Você está na página 1de 2

A Dramaturgia Narrativa de Comunidade

Julio Larroyd, estudante

A transposição de um texto em prosa para o teatro pode seguir caminhos


diversos na sua constituição: o texto narrativo pode ser tomado como um
dispositivo disparador para o processo de recriar a trama ou até mesmo a
transposição fiel do texto para o palco. O diretor de Comunidade, espetáculo
livremente inspirado no livro de Camus, O Estrangeiro, optou pela fidelidade ao
texto.
Nessa performance solo, Ismael Caneppele rompe com um cânone do
drama: a ação. A grande riqueza de Comunidade está na palavra, naquilo que é
dito, mas não é exibido. Se por um lado a encenação é abundante no discurso,
é escassa em teatralidade.
A proposta de dialogismo com o espectador ancora-se em outra
perspectiva: ao ouvir o relato da personagem, que é feito de maneira linear,
constituindo uma dramaturgia discursiva, o espectador precisa recorrer à sua
representação imagética pessoal para que esse diálogo se estabelece em sua
completude.
A opção de Caneppele pelo “mínimo de movimento”, conforme transcrito
no programa da peça, é uma forma de dramaturgia que rompe o tradicional e,
em alguma medida, pode ser o ponto vulnerável do espetáculo. Nesse sentido,
as exibições de vídeos e recursos midiáticos amenizam essa percepção e dão
certa mobilidade à peça.
Eclode no espetáculo, portanto, o romance publicado em 1942 que serve
de interface para a narrativa das experiências pessoais do ator/diretor. Como se
Ismael encontrasse nas palavras do autor argelino a sua outra face do espelho,
não sendo preciso criar o seu relato vivencial, afinal a experiência de ser um
estrangeiro fora e dentro de sua pátria e de si mesmo já está posta por Camus.
Muitos elementos subjetivos da personagem camusiana, M. Mersault,
estão presentes no protagonista de Comunidade: a indiferença, a incapacidade
de estabelecer vínculos e afetos com o outro, o narcisismo expresso através da
apatia dele em relação às demais personagens, e — por que não dizer— com
o espectador?
Essa experiência narcísica ultrapassa a quarta parede e chega ao
espectador na forma de um grand finale: ao término do espetáculo fecham-se as
cortinas, e Ismael não retorna ao palco.

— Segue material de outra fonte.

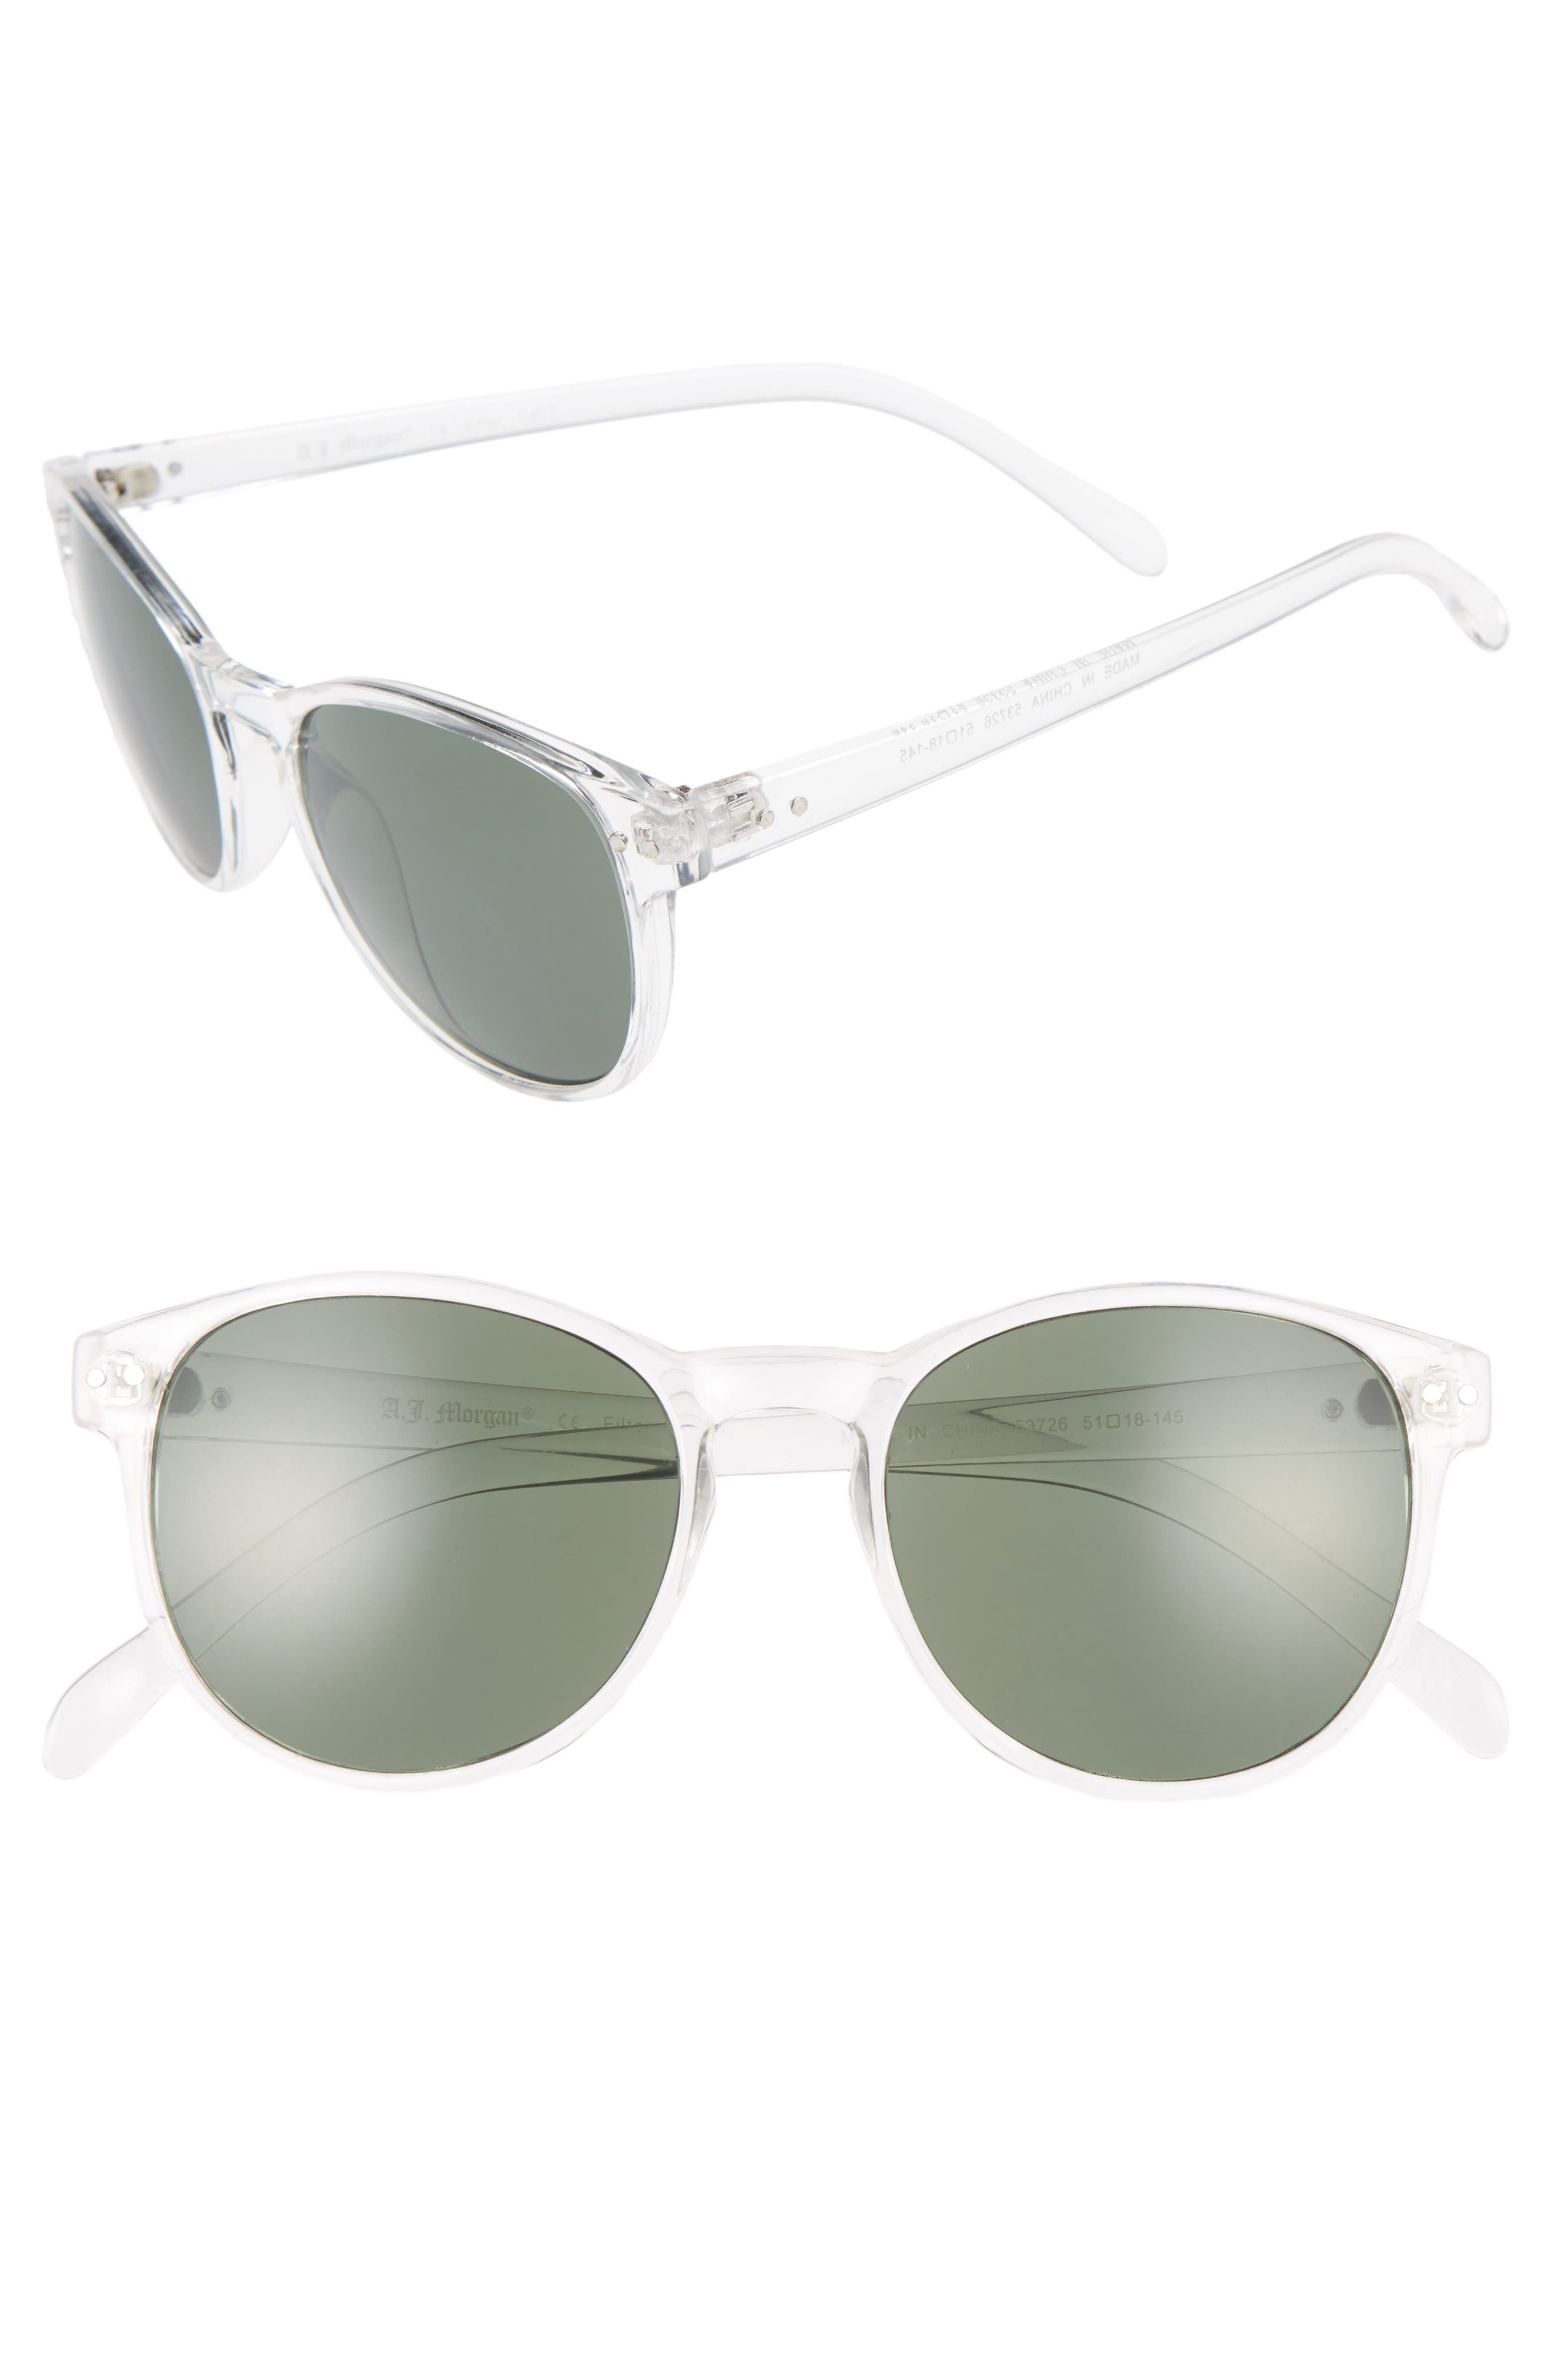 Main Image - A.J. Morgan Daily 57mm Sunglasses
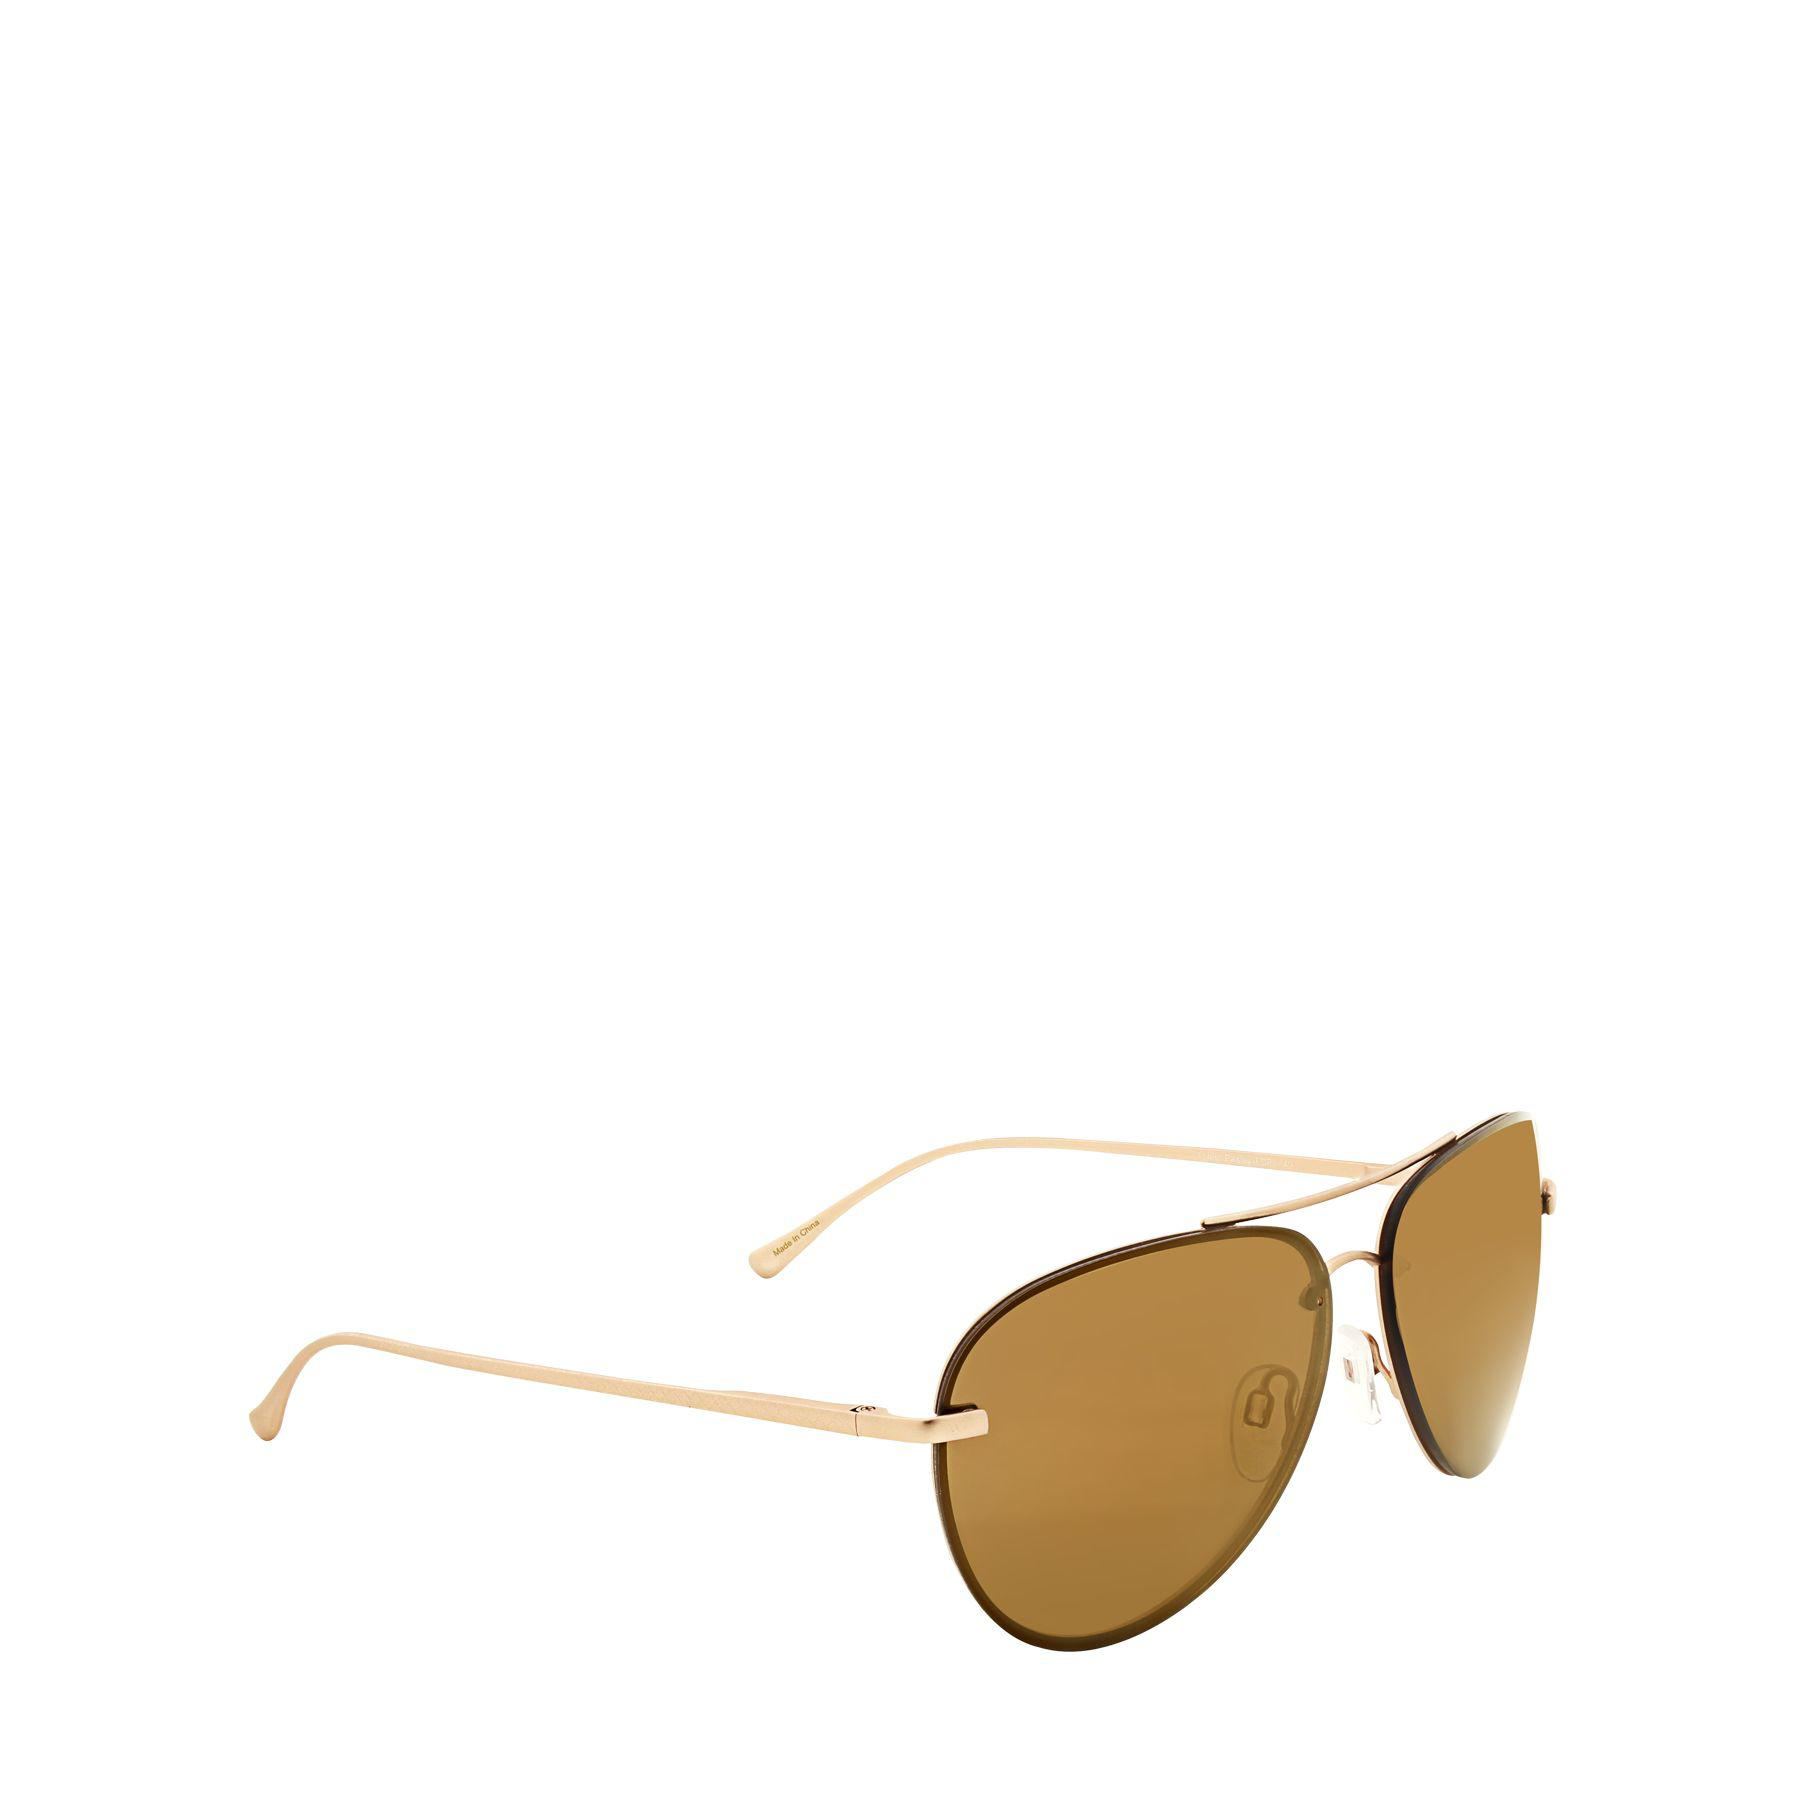 3c9b7d7150 Lyst - Vera Bradley Deanna Polarized Aviator Sunglasses

Ao desconcertar o público, negando-lhe
a oportunidade do aplauso, ocorre uma suspensão do gozo final da relação
ator/espectador.
O tear do espetáculo é a experiência rapsódica; pelo fio da palavra,
Caneppele conduz o espectador ao labirinto obscuro da subjetividade da
personagem e abruptamente corta esse fio, gerando uma cisão, um hiato na
relação estabelecida até então.
Um espetáculo que tem sua força no relato, na palavra, termina com a
ausência dela, fica um “não dito” — e o resto é silêncio ensurdecedor.